* Task inputs:
┄┄┄┄┄┄┄┄┄┄
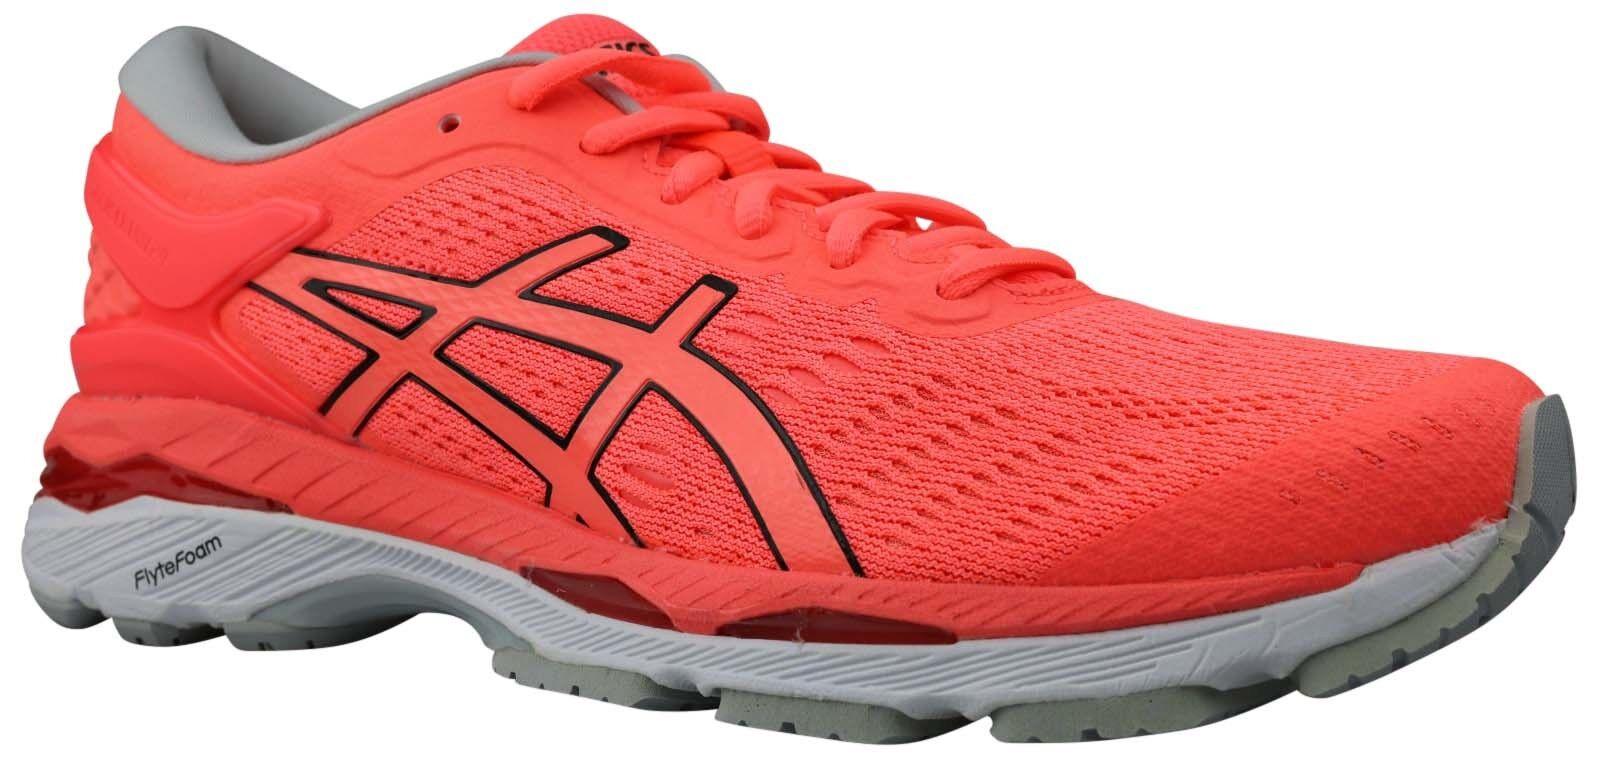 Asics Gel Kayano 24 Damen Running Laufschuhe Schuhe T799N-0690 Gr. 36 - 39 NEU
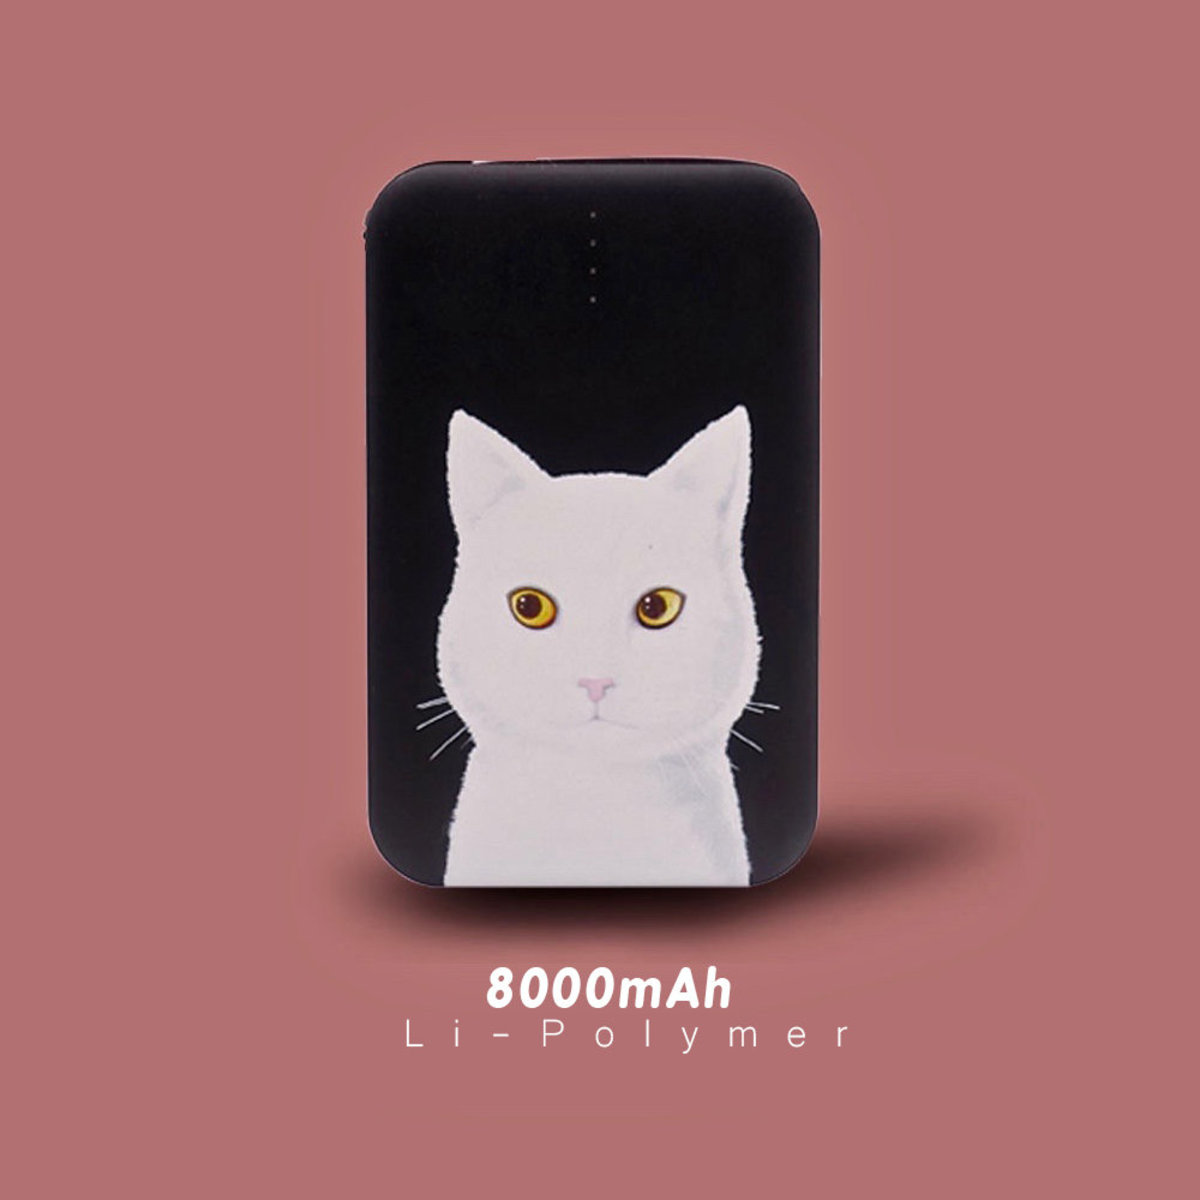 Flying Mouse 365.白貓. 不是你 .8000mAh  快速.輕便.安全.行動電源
┄┄┄┄┄┄┄┄┄┄
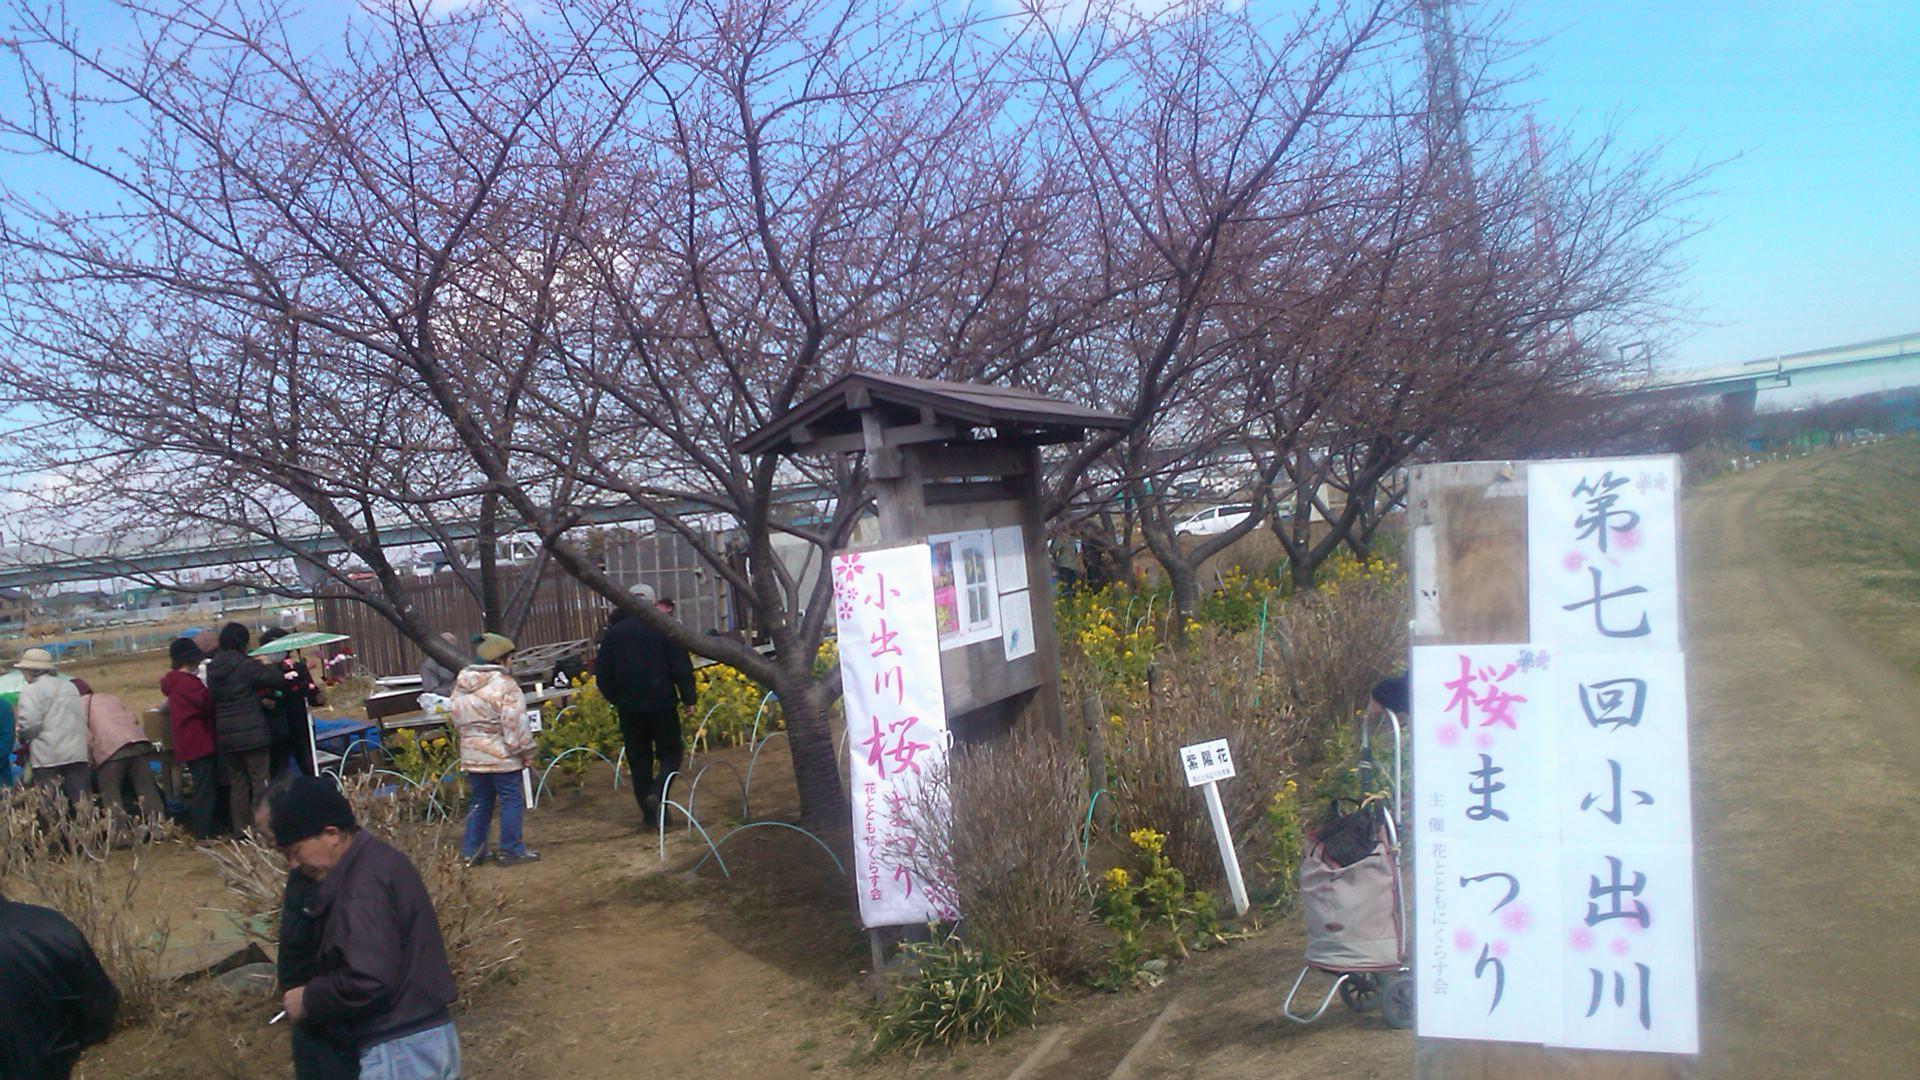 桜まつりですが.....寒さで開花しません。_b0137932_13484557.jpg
┄┄┄┄┄┄┄┄┄┄
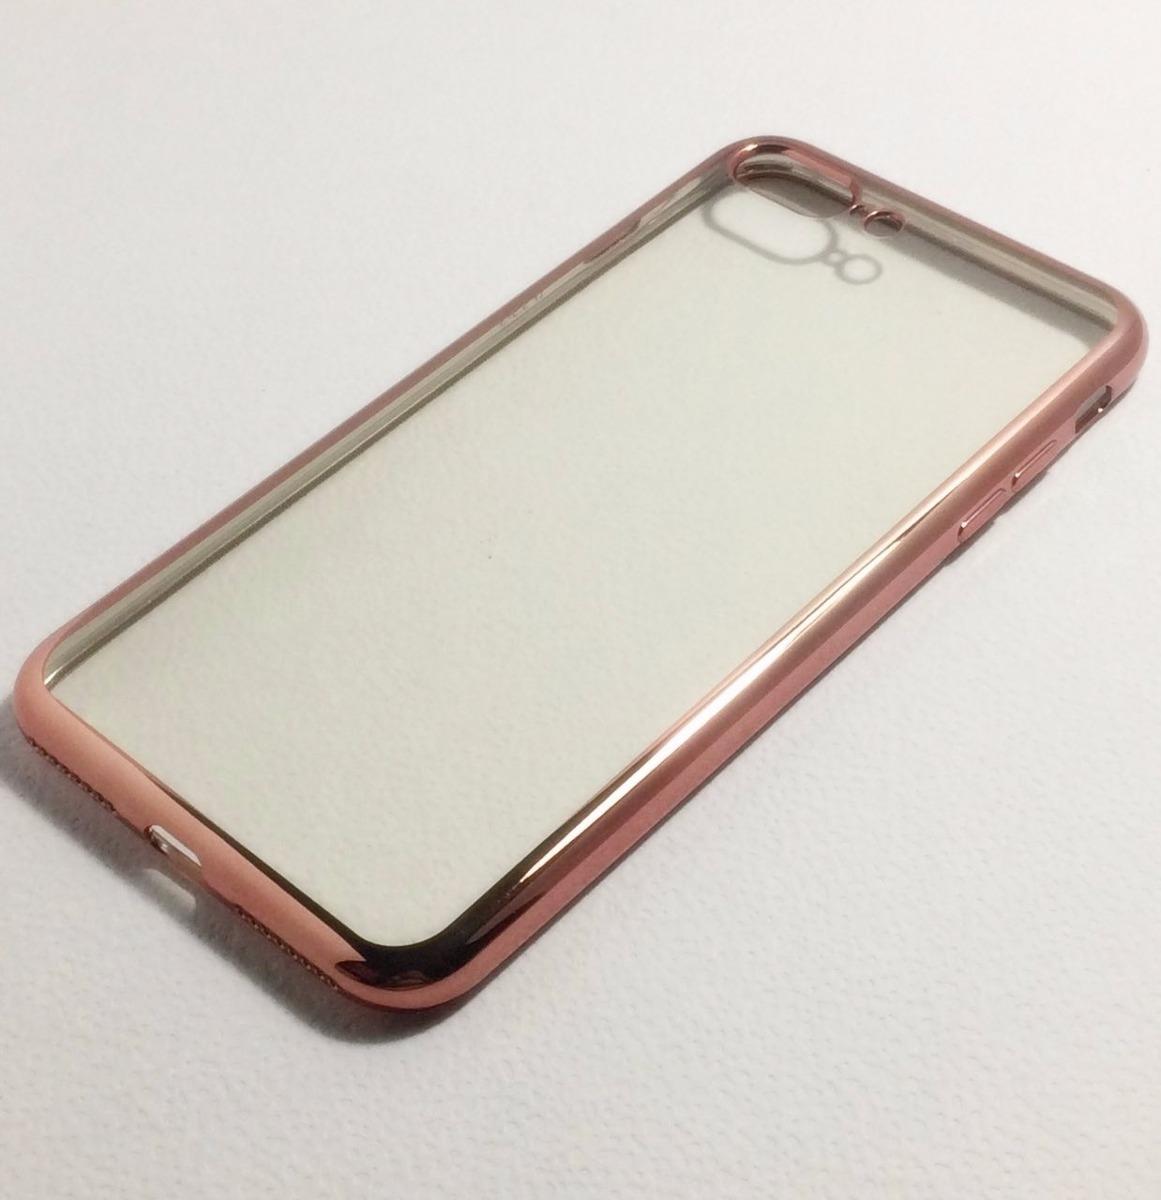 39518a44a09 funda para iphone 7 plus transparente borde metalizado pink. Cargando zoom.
┄┄┄┄┄┄┄┄┄┄
In the entries above, find the line containing "Asics Gel Kayano" and the line containing "Flying Mouse 365.白貓.", then copy both and every line between them exactly, without any picture.

 Asics Gel Kayano 24 Damen Running Laufschuhe Schuhe T799N-0690 Gr. 36 - 39 NEU
 Flying Mouse 365.白貓. 不是你 .8000mAh  快速.輕便.安全.行動電源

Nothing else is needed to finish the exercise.